0,5 мл 0,05%-ного раствора целлобиазы в 0,05 М натрий-цитратном буфере (рН 4,8) и 0,5 мл фильтрата культуральной жидкости инкубировали в течение 30 мин при Т = 50оС. За единицу целлобиазной активности принимали такое количество фермента, которое за 30 мин образует 1 мг редуцирующих сахаров. Количество редуцирующих сахаров было определено по методу Сомоджи-Нельсона.
В результате проведенных исследований было обнаружено, что в биомассе микромицета ВКПМF-559 при выращивании на среде с измельченной кукурузной кочерыжкой синтезируется белок, а фильтрат культуральной жидкости содержит комплекс целлюлозолитических ферментов.
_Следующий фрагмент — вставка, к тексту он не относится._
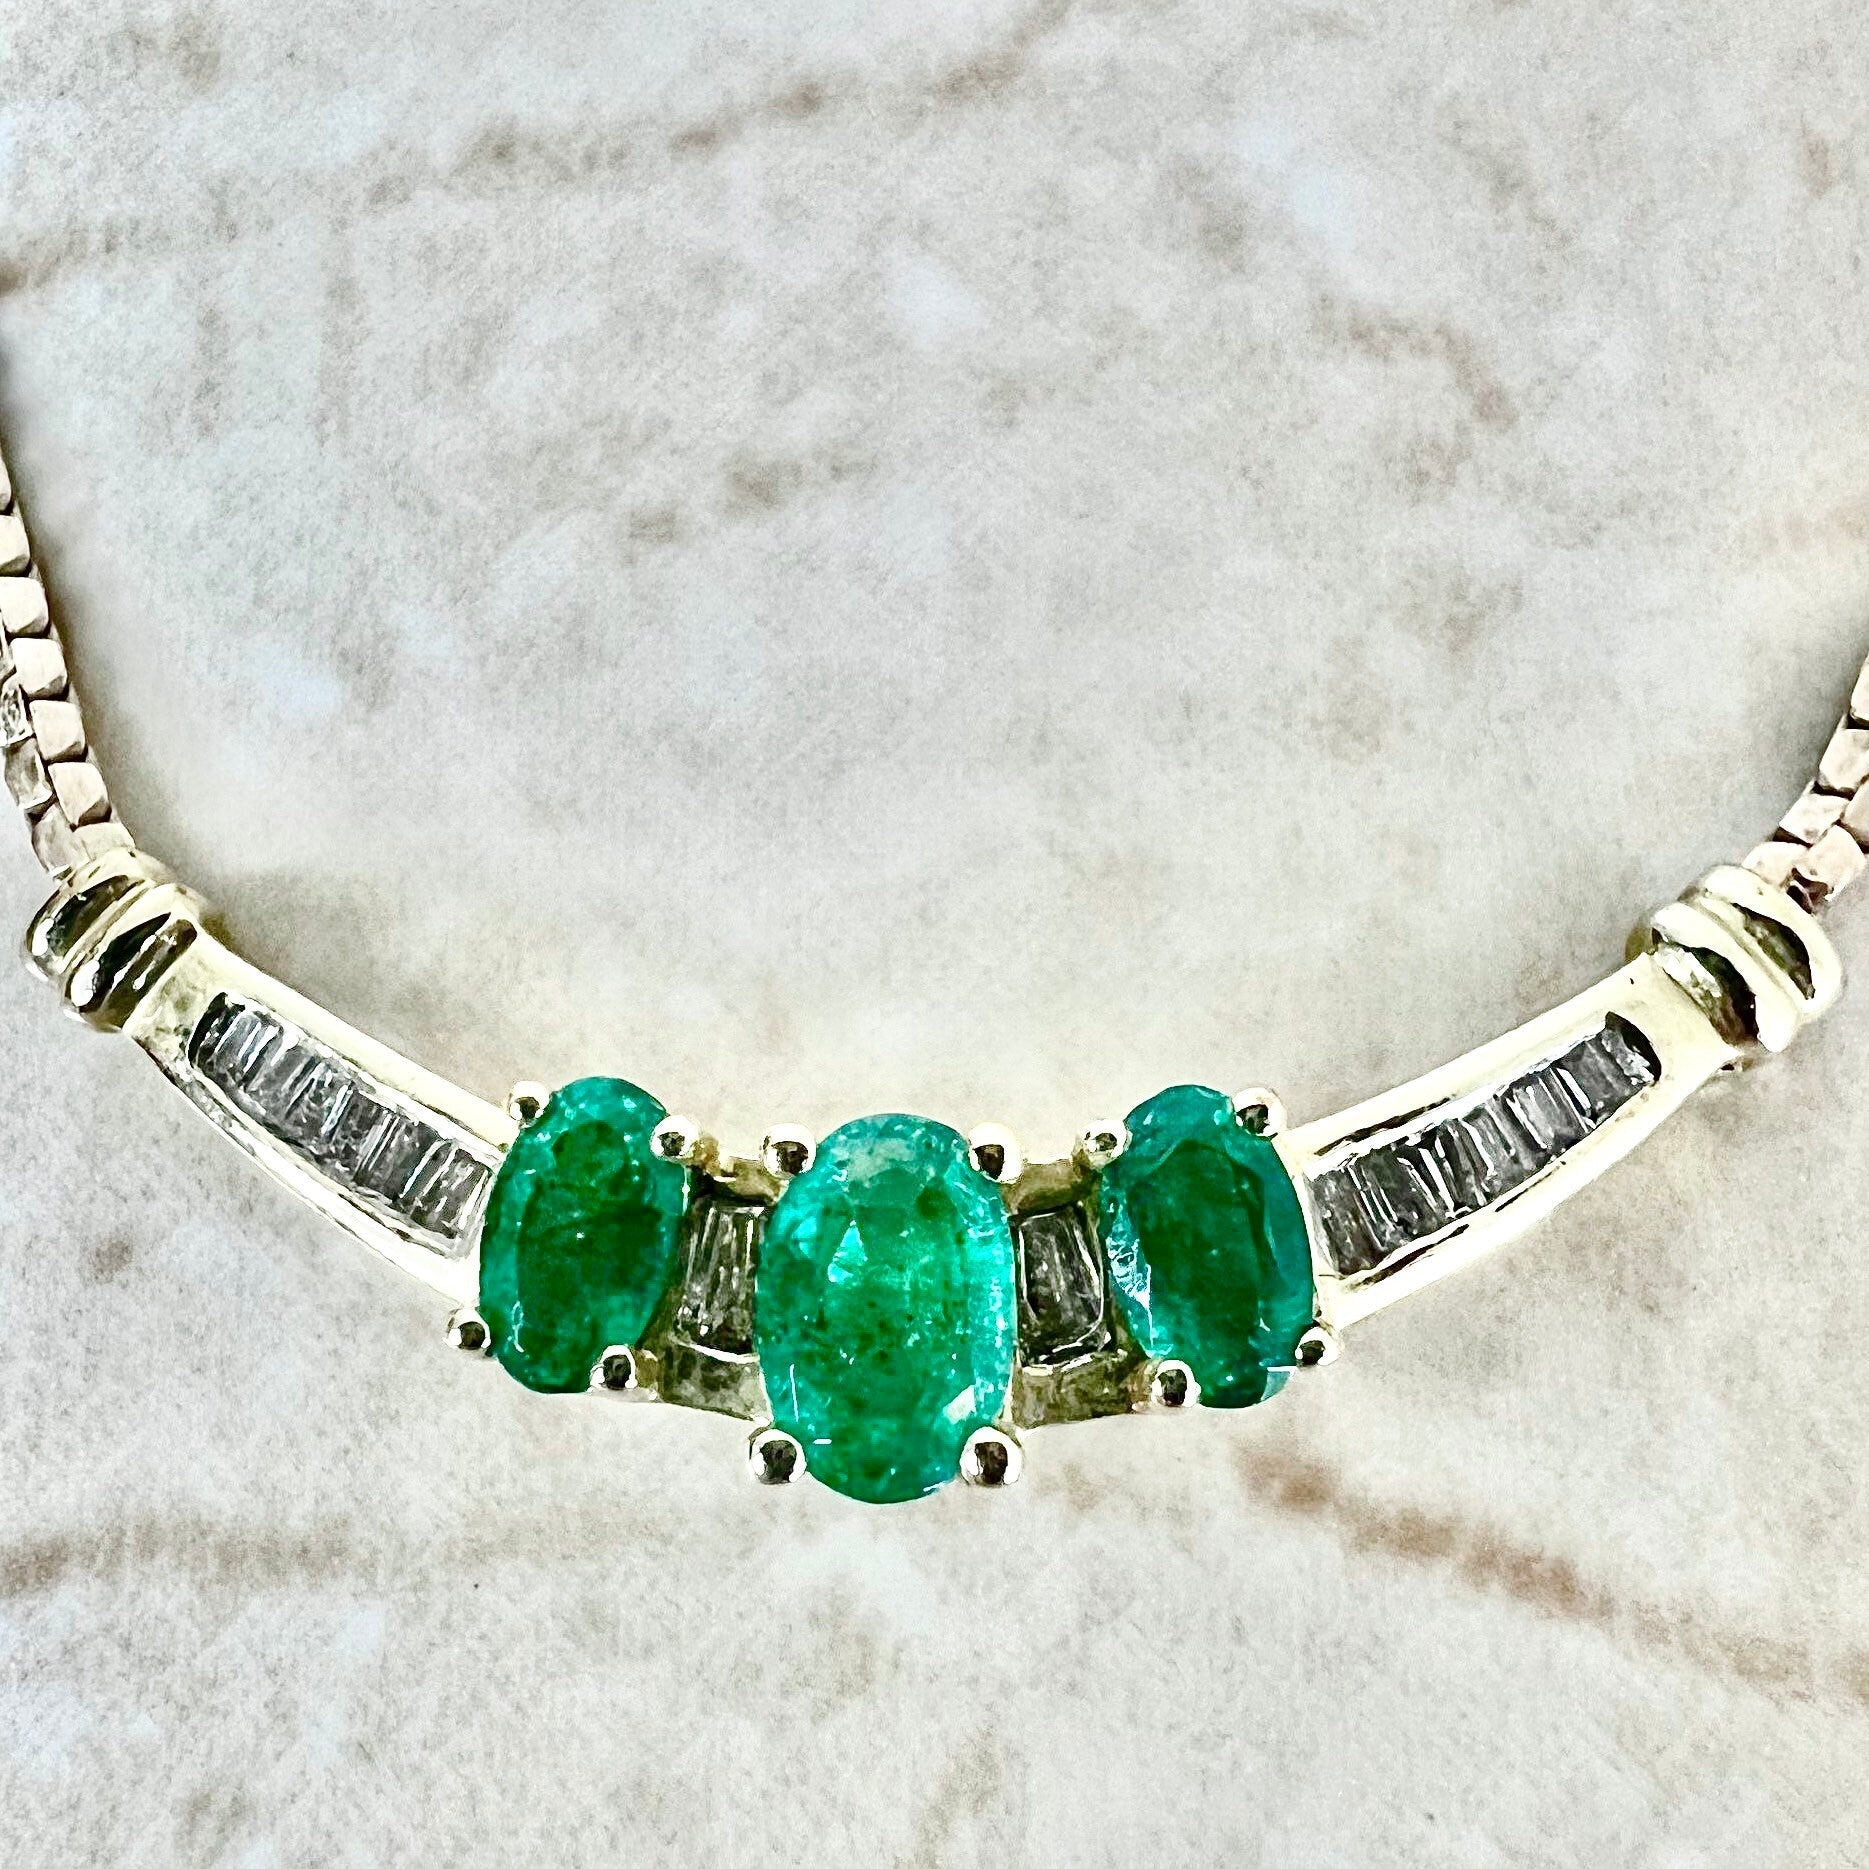 10K Vintage Italian Emerald And Diamond Necklace - 10 Karat Yellow Gold Emerald Pendant - Natural Emerald Necklace - May Birthstone

Количественное содержание белка, степень утилизации субстрата и ферментативная активность культуральной жидкости микромицета ВКПМF-559 приведены в таблице.
Таким образом выделенный и описанный нами штамм микромицета Aspergillus species превосходит штамм микроорганизма, выделенный в качестве прототипа по производительности в условиях глубинного культивирования, что выражается в более высокой скорости процесса биоконверсии растительного сырья (18 ч), значительной степени его утилизации и существенной его активности.
Использование быстрорастущего штамма в промышленной микробиологии приведет к значительному снижению уровня энергозатрат и трудоемкости технологического процесса, высвобождению значительной части инженерно-технического персонала, что в конечном итоге приведет к увеличению уровня рентабельности производства.
Формула изобретения: ШТАММ ГРИБА ASPERGILLUS SPECIES - ПРОДУЦЕНТ БЕЛКА И ЦЕЛЛЮЛАЗ.
Штамм гриба Aspergillus species ВКПМF-559 - продуцент белка и целлюлаз.